4- La gestion aveugle des problèmes sociaux : sécurité, éducation, logement, santé, emploi, crises foncières, migrations sauvages des jeunes vers l’étranger
 
            Le parent pauvre de la politique actuelle du régime, c’est bien sûr le social. Près de 50% des Ivoiriens vivent encore sous le seuil de pauvreté. On ne peut que voir comme un demi-aveu, le projet annoncé en mi-septembre 2018 par le Premier Ministre Amadou Gon de mettre en œuvre un plan social d’urgence pour la période 2018-2020, alors que ceci aurait dû absolument marquer la différence, dès octobre 2015, entre le premier et le second et dernier mandat de l’actuel Chef de l’Etat. Nous avions pourtant régulièrement exhorté le gouvernement en ce sens, sans jamais être écouté[7].  Les crises sécuritaires de janvier et mai 2017, en écho à celle de 2014, rappellent cruellement au pays que la sécurité de ses villes, campagnes, forêts et eaux est très insuffisamment assurée. Le phénomène dit des « Microbes » n’est que la face visible d’un iceberg de problèmes sociaux irrésolus : l’école, jamais pacifiée, jamais suffisamment modernisée, n’assure toujours pas la formation qualifiée dont le monde des entreprises et institutions a besoin ; le système de santé, toujours au-dessus des moyens des plus modestes et nombreux citoyens, abandonne des pans entiers de la société à la malemort ; les lobbies de l’argent s’accaparent ostentatoirement de pans entiers de lotissements urbains, au mépris des pauvres, comme on l’a vu à Cocody Danga ou comme le peuple Atchan le déplore ces dernières semaines ; le chômage, selon la BAD, frappe de 70 à 90% de la population en âge de travailler en Côte d’Ivoire, livrant l’essentiel des forces laborieuses du pays à l’économie informelle. Dans ces conditions, la déforestation sauvage et l’urbanisation mal maîtrisée livrent les villes et campagnes aux inondations accrues. La terre devient un enjeu de guerre rurale permanente. Les jeunes ivoiriens désespérés se rassemblent à Daloa pour partir à l’aventure dans les mouroirs du Sahara et de la Méditerranée.
 
Dans ces conditions, une question essentielle s’impose : quelle offre politique pourrait sortir la Côte d’Ivoire de la triple stagnation, voire récession politique, économique, sociale et culturelle que lui proposent ses trois familles politiques héritières et rivales des temps anciens ? Un pays composé à 90 % d’une population de moins de 50 ans peut-il sacrifier son avenir à la satisfaction des attentes d’hommes et de familles politiques qui ont largement fait leur temps, qui ont eu l’occasion de montrer ce qu’ils savent et peuvent ou ne savent pas et ne peuvent surtout pas faire ?

II

L’offre d’alternance démocratique et générationnelle : l’unique voie du succès et le Cap de la Nouvelle Espérance ivoirienne


            La sortie de l’inconfort politique ivoirien actuel passe nécessairement par quatre grandes opérations de révolution citoyenne, sur le fond d’une insurrection des consciences. J’entendis par « révolution citoyenne », une lutte éclairée pour la naissance d’un champ politique réellement républicain, garanti par un Etat de droit véritable, une gestion exemplaire du Bien Public sur le fond d’une éthique de la responsabilité, un passage de la querelle des héritiers ou rivaux à la compétition des projets, un passage de la propagande politique ambiante sur l’émergence à la transformation effective de la socioéconomie ivoirienne, et bien sûr la prise en main de l’avenir du pays par une élite démocratique et compétente qui a elle-même encore de l’avenir. Tout ceci requiert l’avènement d’hommes et de femmes résolument debout pour leur propre avenir. Bernard Dadié l’avait si bien dit : point d’indépendance sans travail !
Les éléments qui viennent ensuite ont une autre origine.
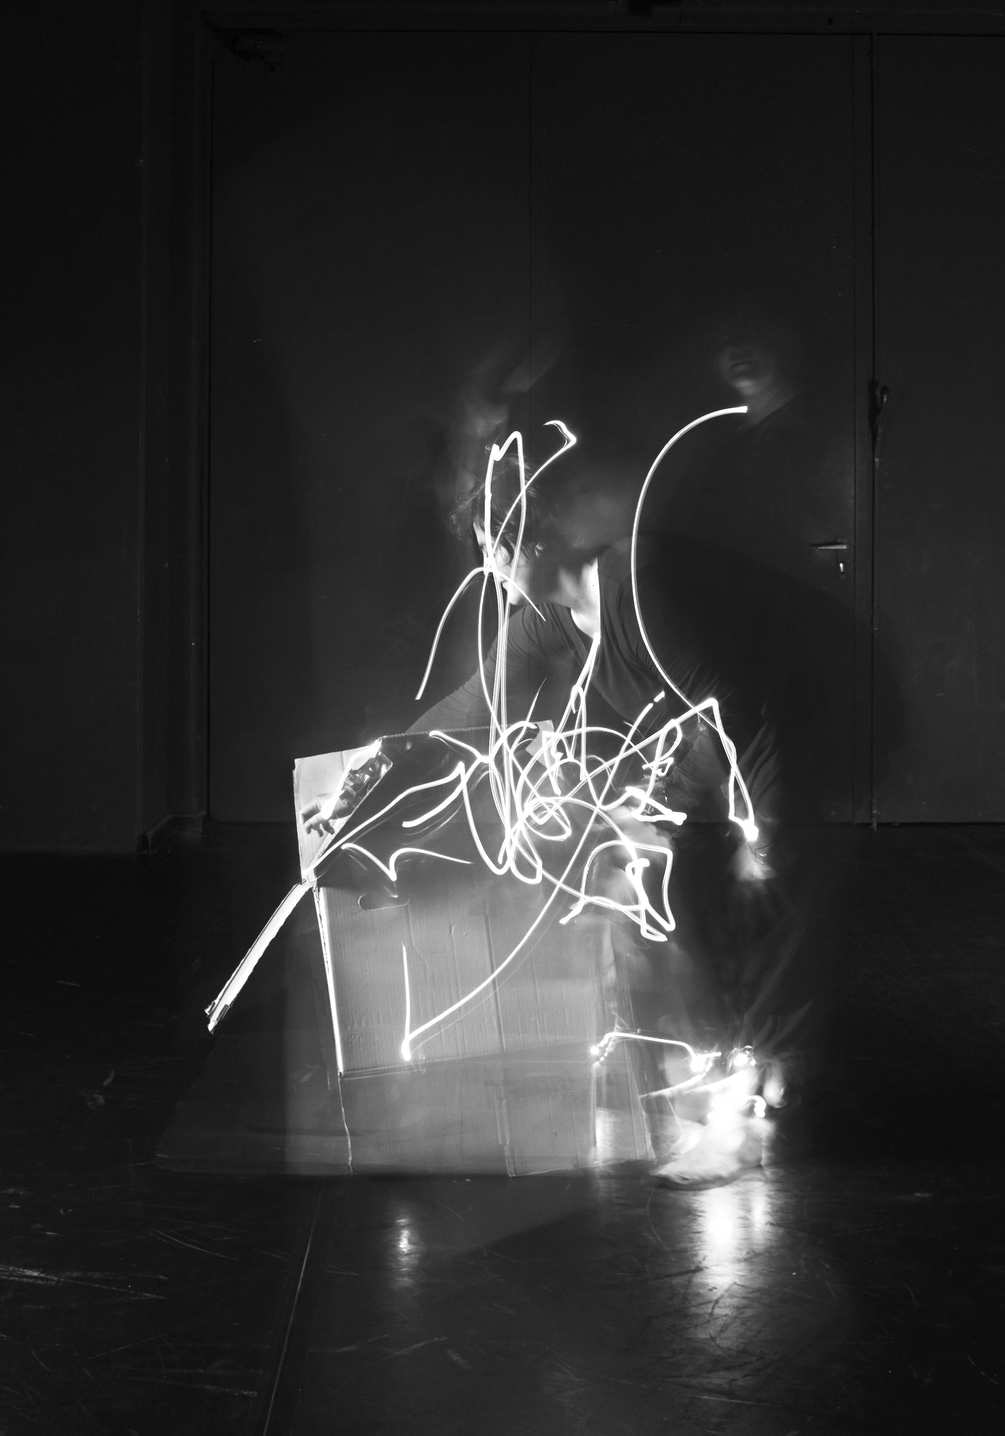 tracking-dance-folding-a-moving-box-1005x1435px

 Opération « Révolution Citoyenne » : marcher vers l’Etat de droit en Côte d’Ivoire


            Une offre politique concrète d’un nouveau parcours citoyen de vie de l’ivoirien ordinaire doit entrer à l’œuvre dans une action pédagogique de masse. Loin de tenir son avenir de l’allégeance à un parti, une ethnie, ou une idole humaine, le citoyen doit être amené à constater qu’il ne réalisera son essence humaine que dans une Nation régie par le Droit, c’est-à-dire où les personnes individuelles et morales seront toutes égales devant la Loi Juste. La révolution citoyenne ivoirienne devrait être une révolution en vue de penser des institutions efficaces dans l’application du droit à tous et chacun. Telle est la tâche des éducateurs politiques de l’opinion : montrer ce cap, comme la seule voie de succès pour cette nation.


Opération «  Transparence dans la Gouvernance » : marcher vers l’Etat gestionnaire exemplaire en Côte d’Ivoire


            Comme on l’a vu par exemple au Cameroun de Paul Biya, un régime corrompu ne peut pas combattre la corruption. Une nouvelle offre politique doit procéder à la mise au pas de l’intérêt national, des institutions étatiques et paraétatiques. Par conséquent, rien n’importe autant que de déloger les colonies familiales, claniques, tribales et ethniques constituées par de nombreuses élites politiques ivoiriennes dans les ministères, entreprises et institutions nationales. Une politique de désethnicisation des pratiques institutionnelles s’impose, qui tiendrait à la fois compte des impératifs de légitimité, de diversité sociologique et de genre,  de sécurité, de compétence et de transparence dans l’attribution des fonctions publiques.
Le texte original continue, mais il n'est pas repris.